ACTIVITY >> In the lines below, output everything from the first line through the line containing "Pissing up the work toilet" exactly as it is. Pictures are not part of the output.
*** Opening of DATA EXTRACT ***
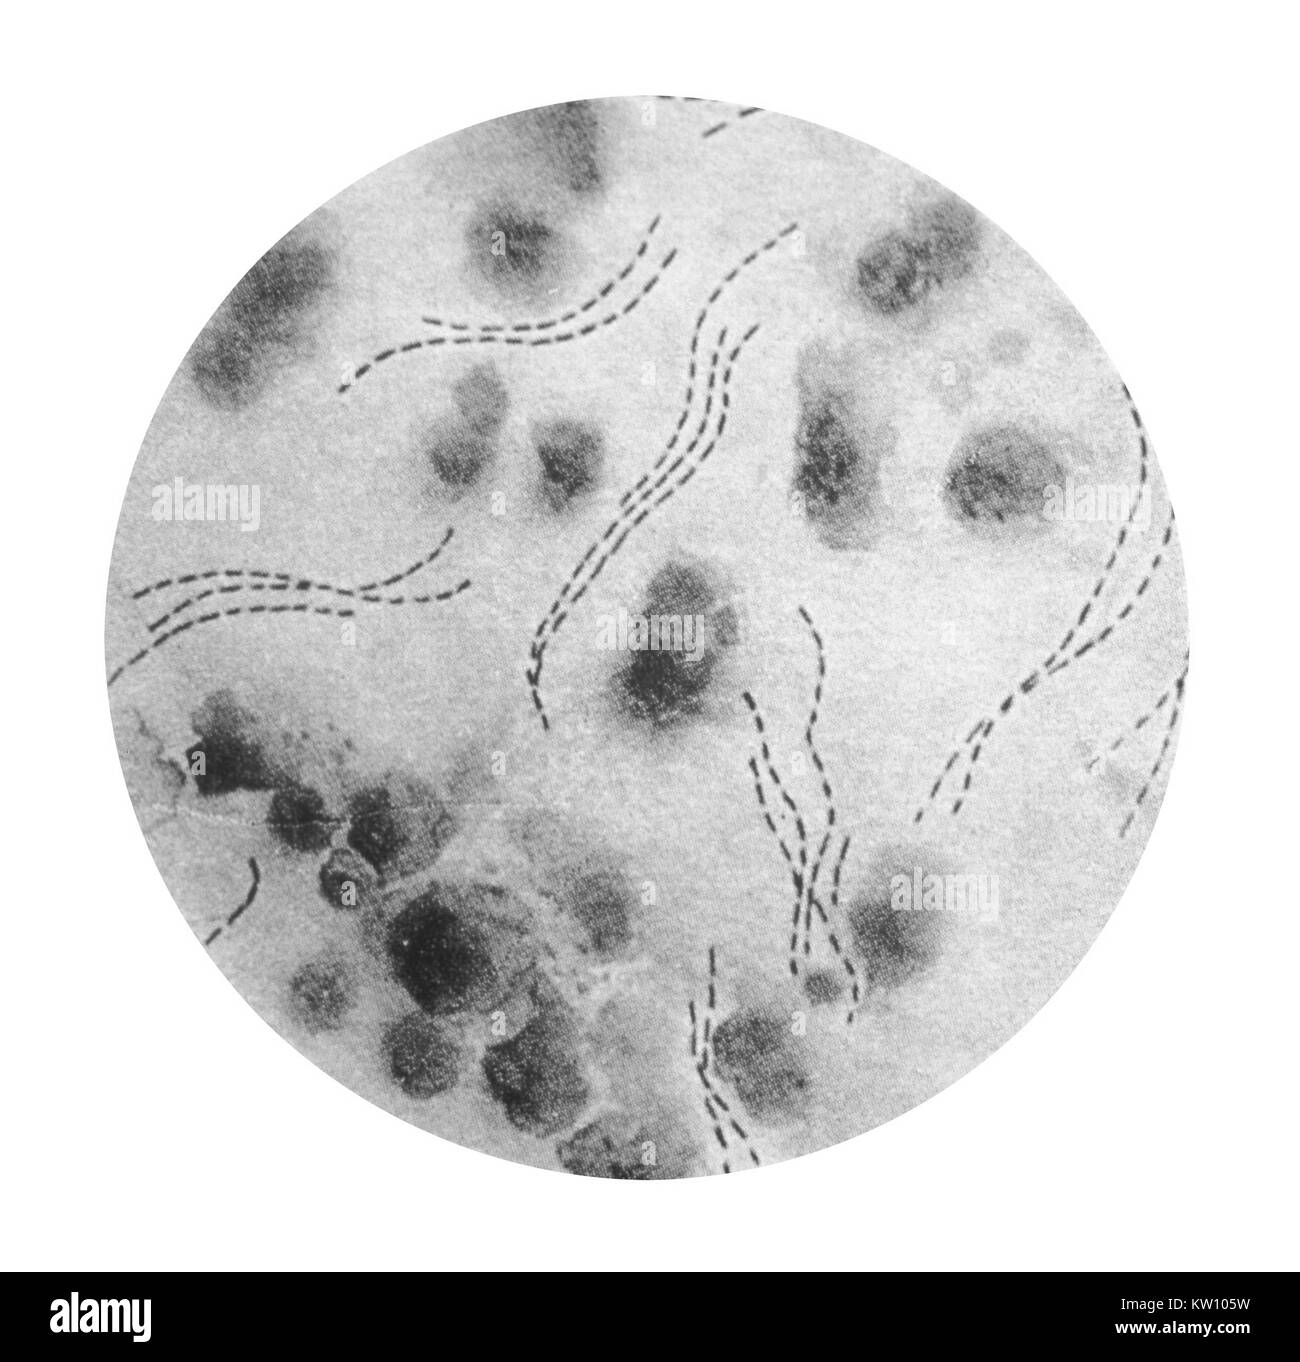 This illustration depicts a photomicrographic view of Haemophilus ducreyi bacteria stained using gentian violet. H. ducreyi causes chancroid, a highly contagious sexually transmitted disease that begins with the formation of painful open sores on the genitals. Image courtesy CDC, 1979. Stock Photo
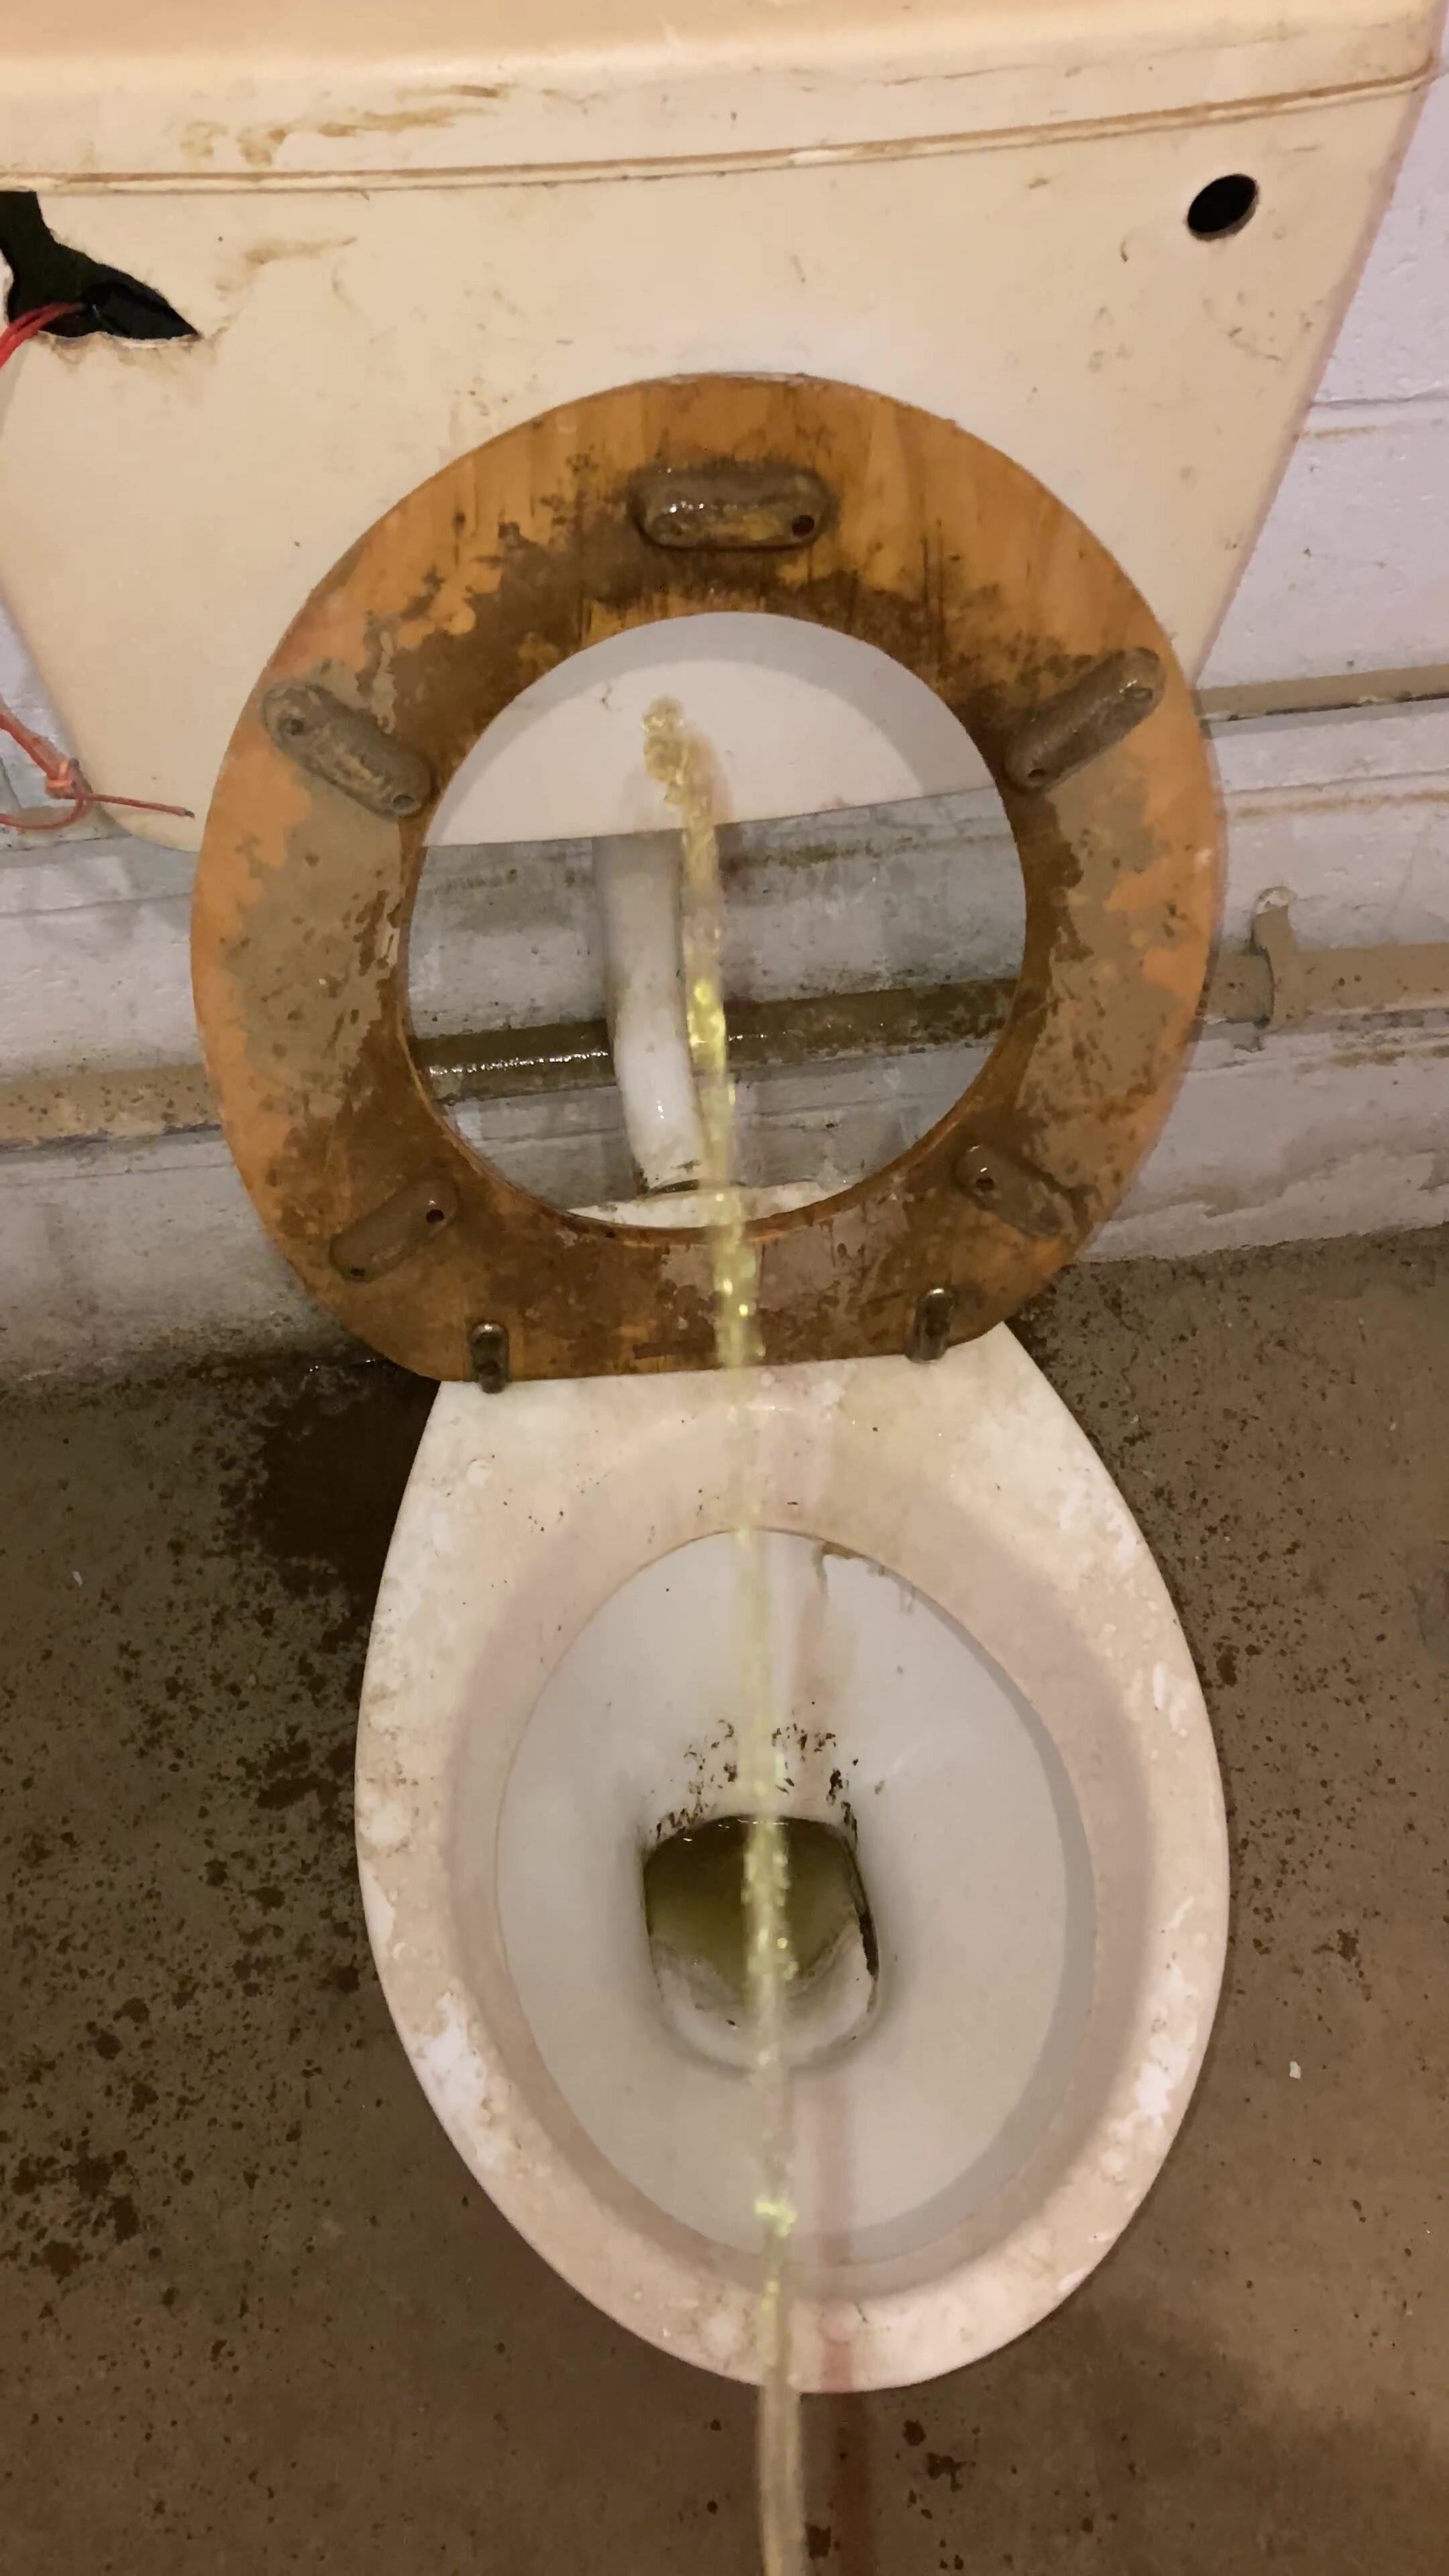 Pissing up the work toilet
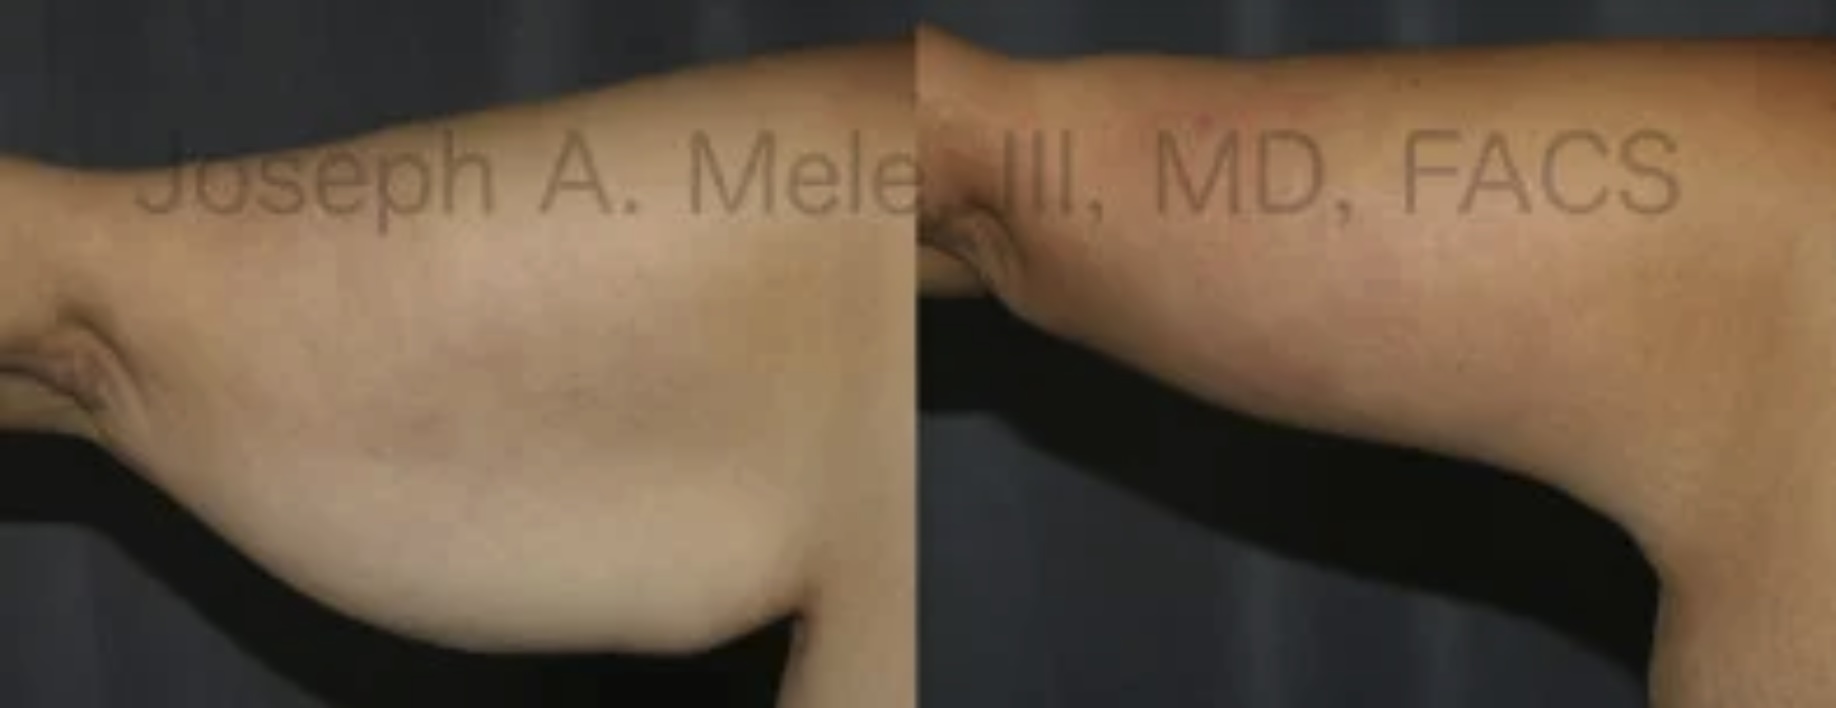 Arm Lift Before and After Pictures (Brachioplasty)
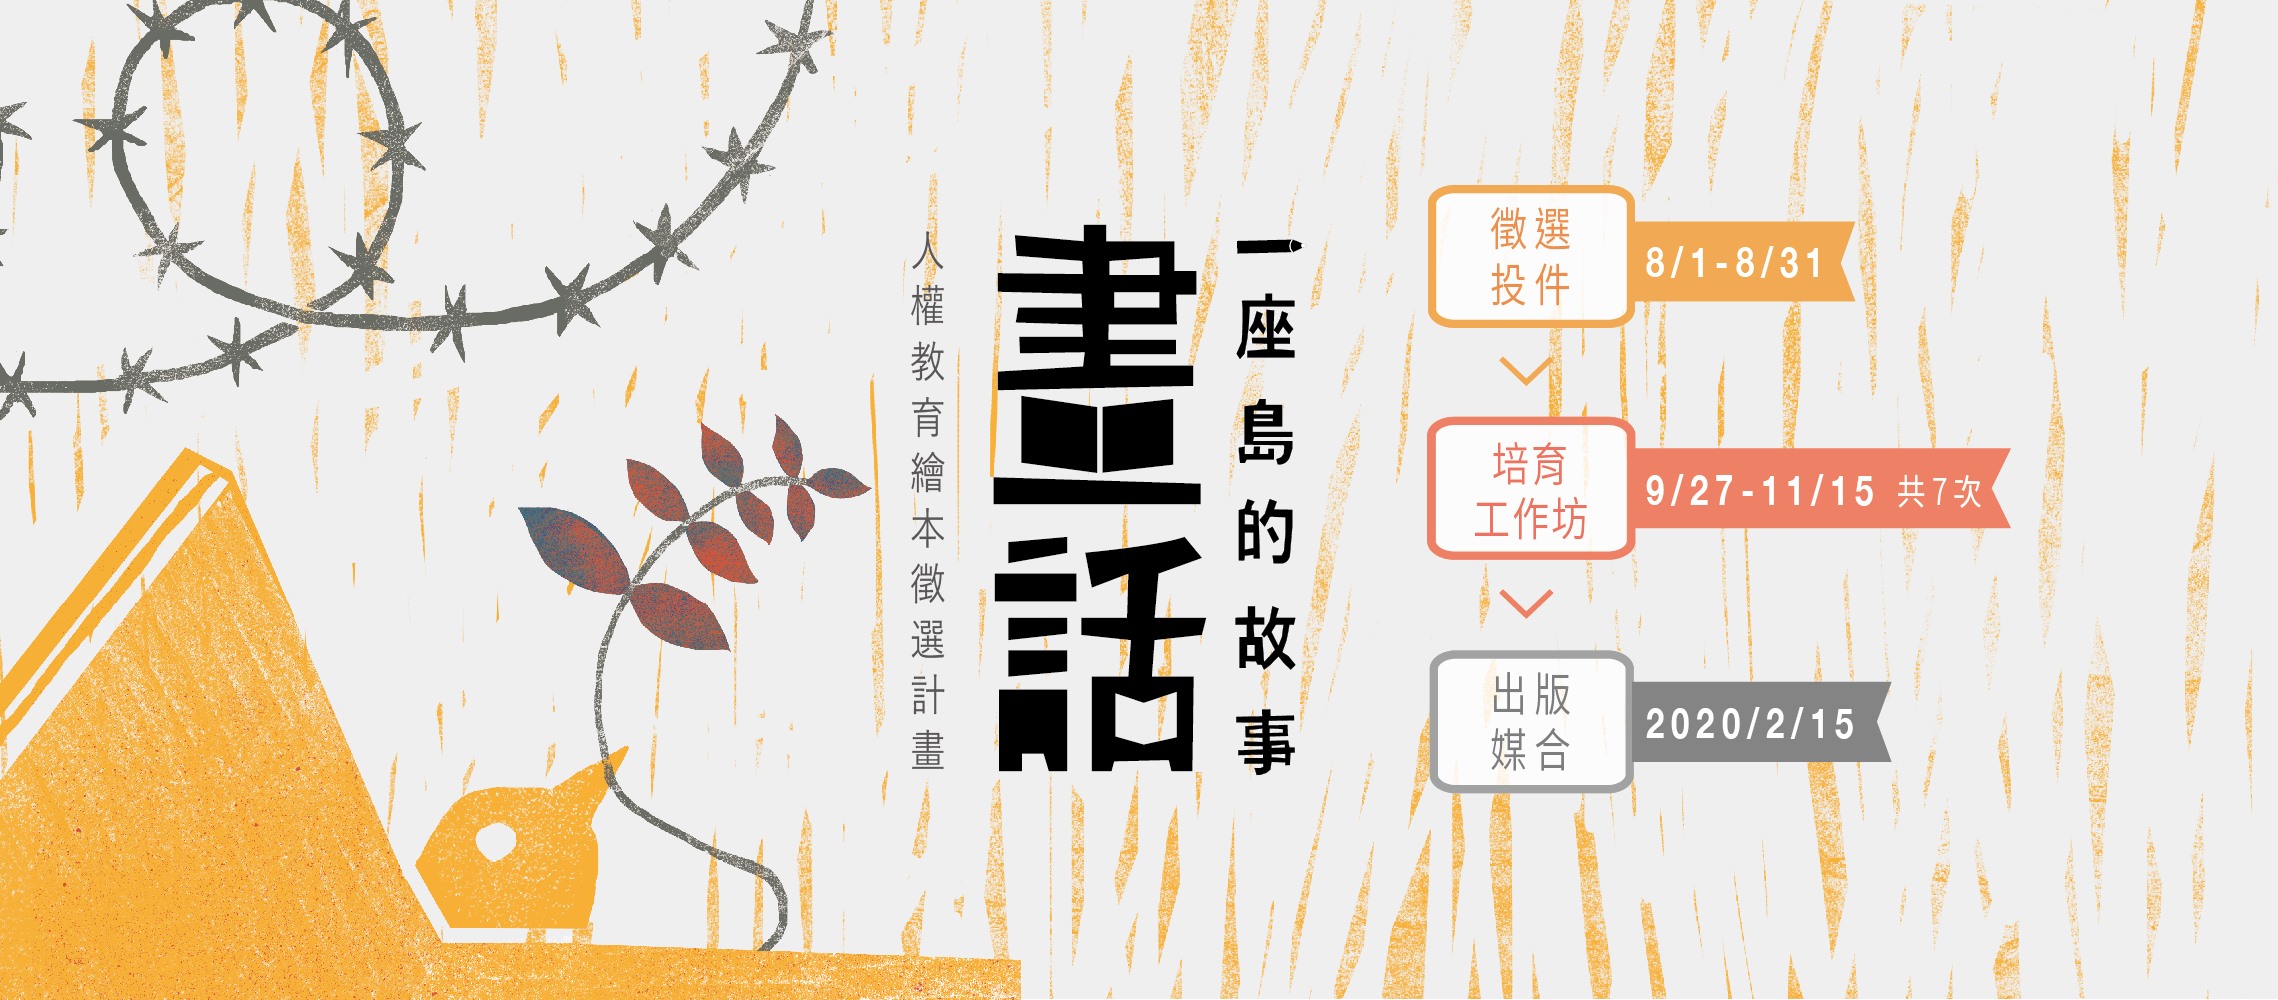 Picture books revisit dark chapters in Taiwan’s human rights history
*** Close of DATA EXTRACT ***
EXERCISE RESULT >>
 This illustration depicts a photomicrographic view of Haemophilus ducreyi bacteria stained using gentian violet. H. ducreyi causes chancroid, a highly contagious sexually transmitted disease that begins with the formation of painful open sores on the genitals. Image courtesy CDC, 1979. Stock Photo
 Pissing up the work toilet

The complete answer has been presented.